Broccoli Dill Pickle Soup with White Beans & Potatoes

Why Make This Recipe

Broccoli Dill Pickle Soup with White Beans & Potatoes is a unique and nourishing dish. It brings together the goodness of greens, proteins, and hearty potatoes. This soup is not only filling but also packed with flavor, thanks to the dill pickles and fresh herbs. It’s a perfect meal for chilly days or anytime you want something warm and comforting. Plus, it’s vegan and easy to prepare, making it a great choice for everyone.

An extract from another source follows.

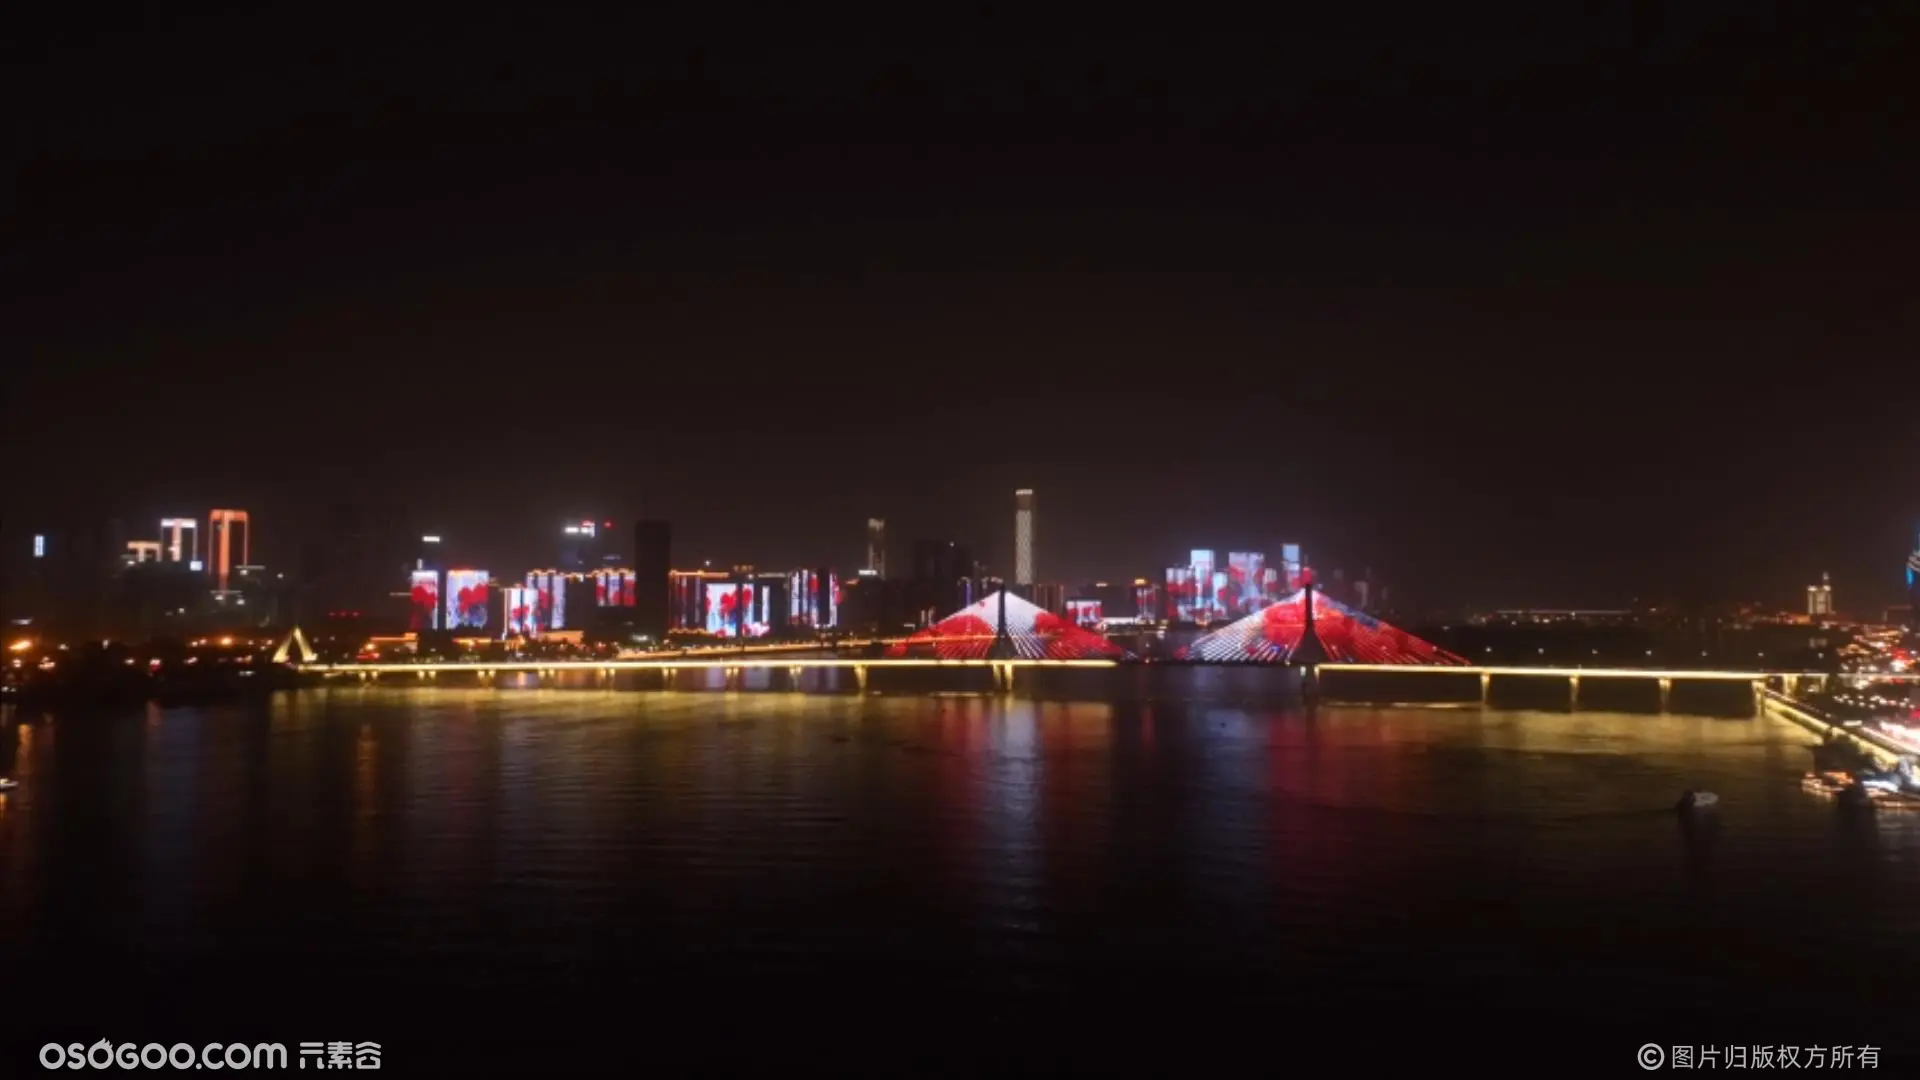 燕京啤酒，草莓苹果节，300台无人机表演长沙渔人码头完美呈现
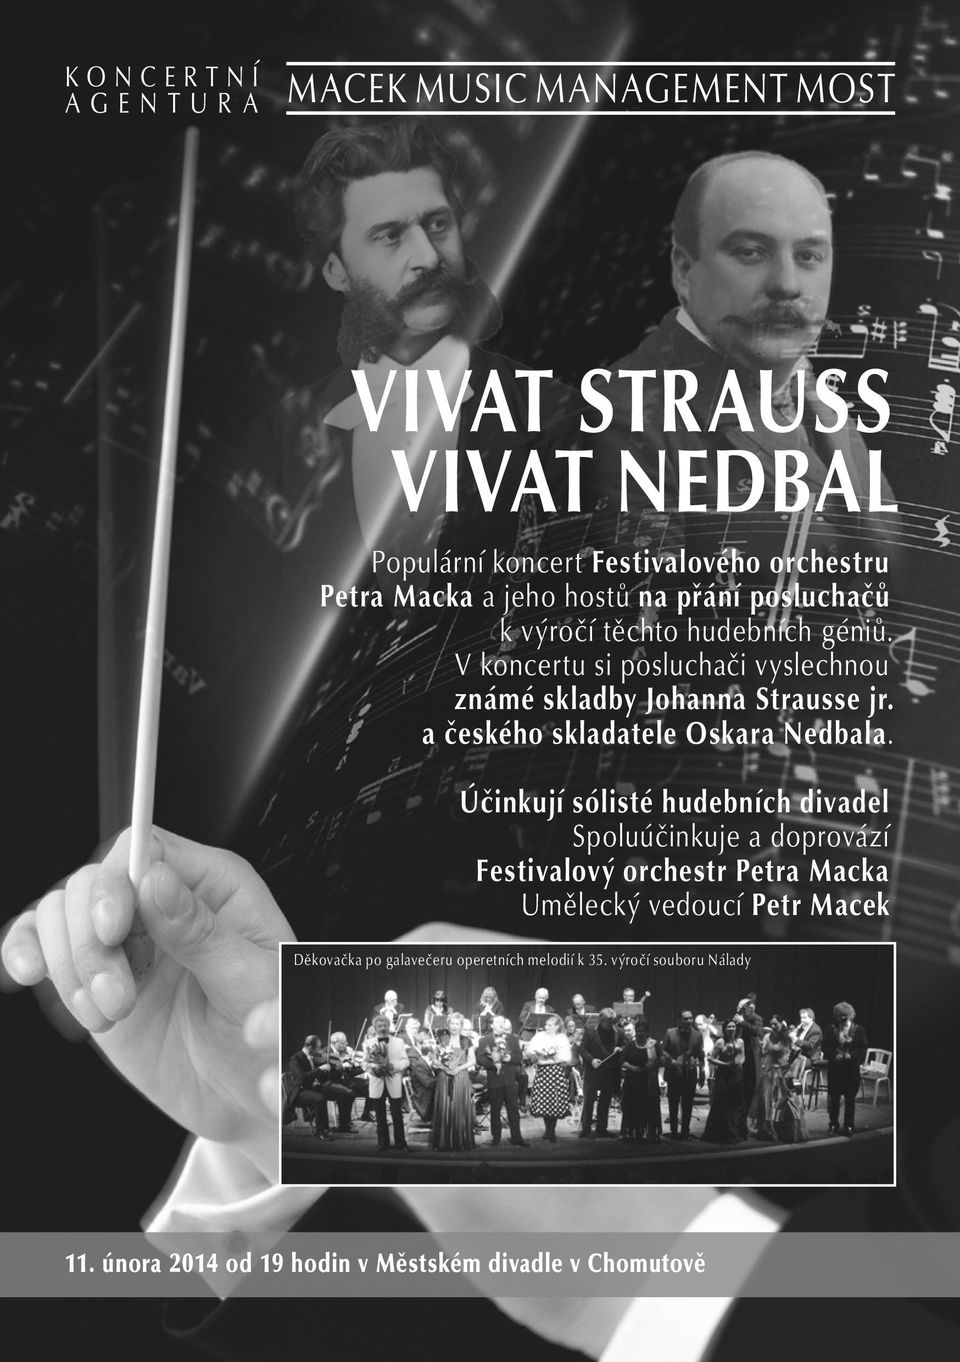 V koncertu si posluchači vyslechnou známé skladby Johanna Strausse jr. a českého skladatele Oskara Nedbala.

How to Make Broccoli Dill Pickle Soup with White Beans & Potatoes

Ingredients

  • 2 tablespoons olive oil
  • 1 medium yellow onion, small dice
  • 2 sticks celery, small dice
  • 4 cloves garlic, minced
  • 2 tablespoons nutritional yeast
  • 1 teaspoon onion powder
  • 1 teaspoon garlic powder
  • Pinch chili flakes, optional
  • 2 bay leaves
  • 3 medium Yukon gold potatoes, chopped (480 grams/3 cups chopped potatoes)
  • 2 teaspoons Dijon mustard
  • Sea salt and ground black pepper, to taste
  • 6 cups vegetable stock
  • 1 bunch broccoli, stems and florets chopped (about 375 grams)
  • 1 ½ cups cooked white beans (from a 15 oz can)
  • ½ cup chopped dill pickles
  • 1-2 cups baby spinach, optional
  • ½ cup raw cashews, soaked for at least 2 hours and drained
  • 1 tablespoon light miso
  • Pickle juice/brine, to taste (see note)
  • ⅓ cup chopped fresh dill

Directions

  1. Heat a large, heavy-bottomed pot over medium heat. Pour in the olive oil and swirl it around.
  2. Add the onion and celery to the pot and stir. Sauté until the celery is bright green and the onions are translucent and soft, about 6-7 minutes.
  3. Add the garlic, nutritional yeast, onion powder, garlic powder, and chili flakes (if using), then add the bay leaves. Stir and sauté for about 1 minute until fragrant.
  4. Add the chopped potatoes and Dijon mustard. Season with salt and pepper, and stir well.
  5. Pour in the vegetable stock and stir again. Cover the pot and bring it to a boil. Once boiling, move the lid slightly to allow steam to escape. Simmer until the potatoes are tender, about 15 minutes.
  6. When the potatoes are tender, add the chopped broccoli, white beans, and chopped dill pickles. Stir and bring it back to a simmer. Cook until the broccoli is tender, about 8 minutes. Remove and discard the bay leaves.
  7. If using, add the baby spinach to a blender. Carefully ladle half of the hot soup into the blender pitcher. Add the drained cashews and miso. Blend on high until smooth and bright green, about 1 minute.
  8. Pour the blended soup back into the pot and stir. Taste and adjust seasoning as needed. Add pickle brine to taste and stir in the chopped fresh dill. Bring the soup back to a boil and serve hot.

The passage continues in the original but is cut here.